NVIDIA uses YouTube and Netflix videos to train its artificial intelligence without permission. 404 Media has gained access to leaked internal documents (access by subscription), Engadget reports.
It is noted that employees of NVIDIA's AI department have been instructed to download videos from YouTube, Netflix, and other video hosting sites to develop commercial AI projects. Apparently, the tech giant believes that it does not have time to "play by the rules," especially when competitors are also awake.
Reportedly, the purpose of collecting video footage was to develop models for products such as the Omniverse 3D world generator, self-driving car systems, and the digital human project.
A spokesperson for NVIDIA said that the company's research “in full compliance with the letter and the spirit of copyright law.” The company argues that intellectual property laws protect specific expressions, “but not facts, ideas, data, or information.”

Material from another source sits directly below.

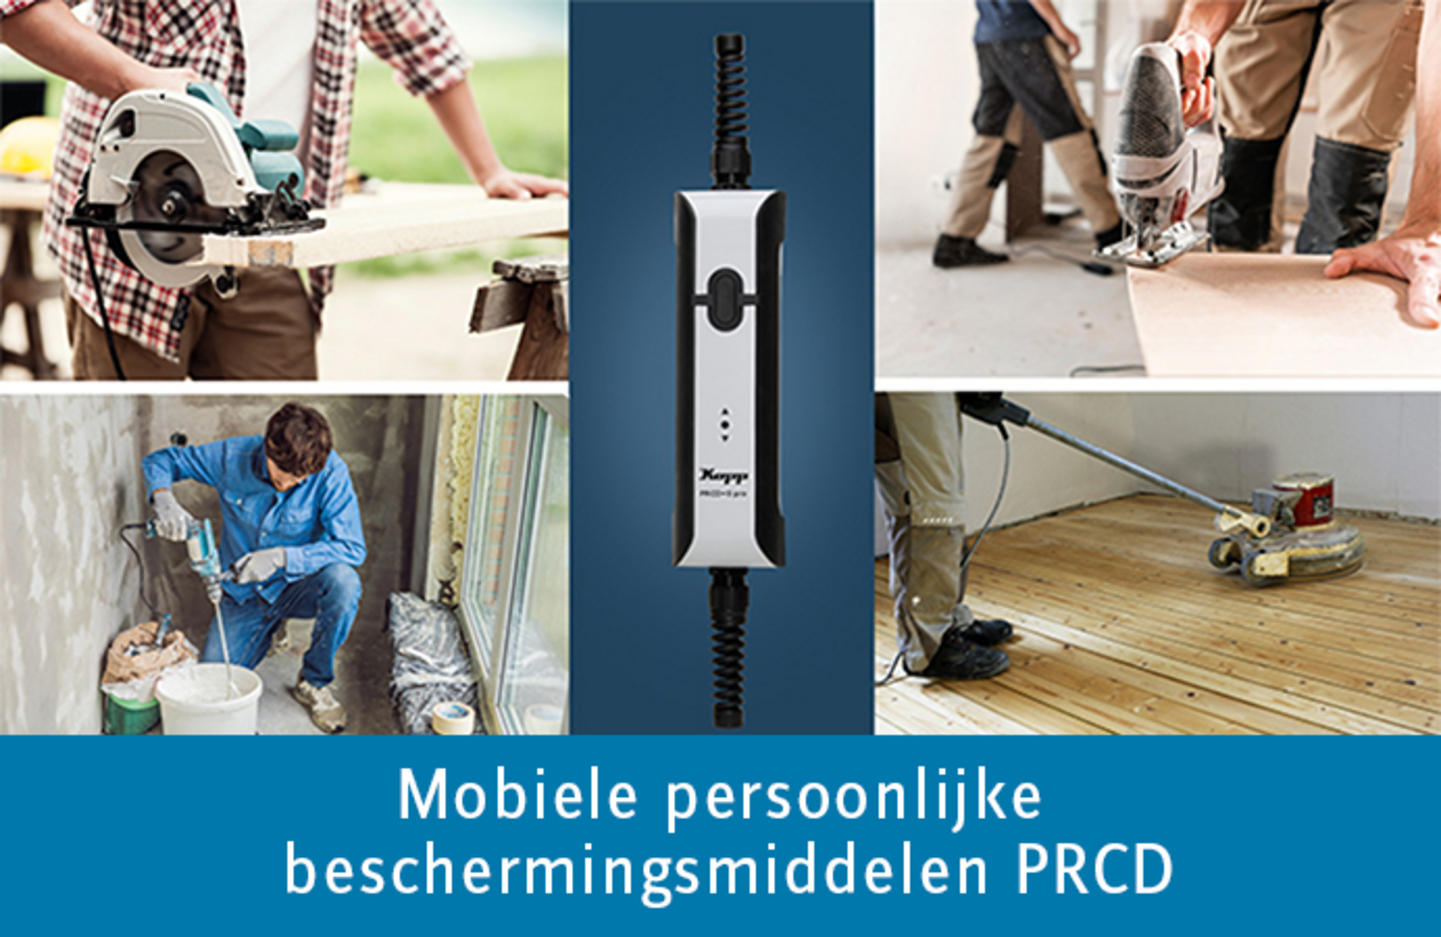 Mobiele persoonlijke beschermingsmiddelen PRCD

The company equated this practice with the human right to “learn facts, ideas, data, or information from another source and use it to make their own expression.”
A YouTube representative disagrees with this rhetoric. He pointed to a previous similar case when OpenAI trained its artificial intelligence on the hosting materials. Using YouTube to train AI models would be a “clear violation” of its terms, the company said.
Some NVIDIA employees expressed concerns about this practice, but received a response from their managers that they already had the green light from the highest levels of the company.
In addition to YouTube and Netflix videos, NVIDIA reportedly also used MovieNet movie trailer hosting databases, internal video game libraries, and Github WebVid (now defunct) and InternVid-10M video datasets.
To avoid detection by YouTube, NVIDIA reportedly uploaded content using virtual machines with different IP addresses. In response to an employee's suggestion to use a third-party tool to change the IP address, another NVIDIA employee wrote: "“We are on [Amazon Web Services](#) and restarting a [virtual machine](#) instance gives a new public IP[.](#) So, that’s not a problem so far.”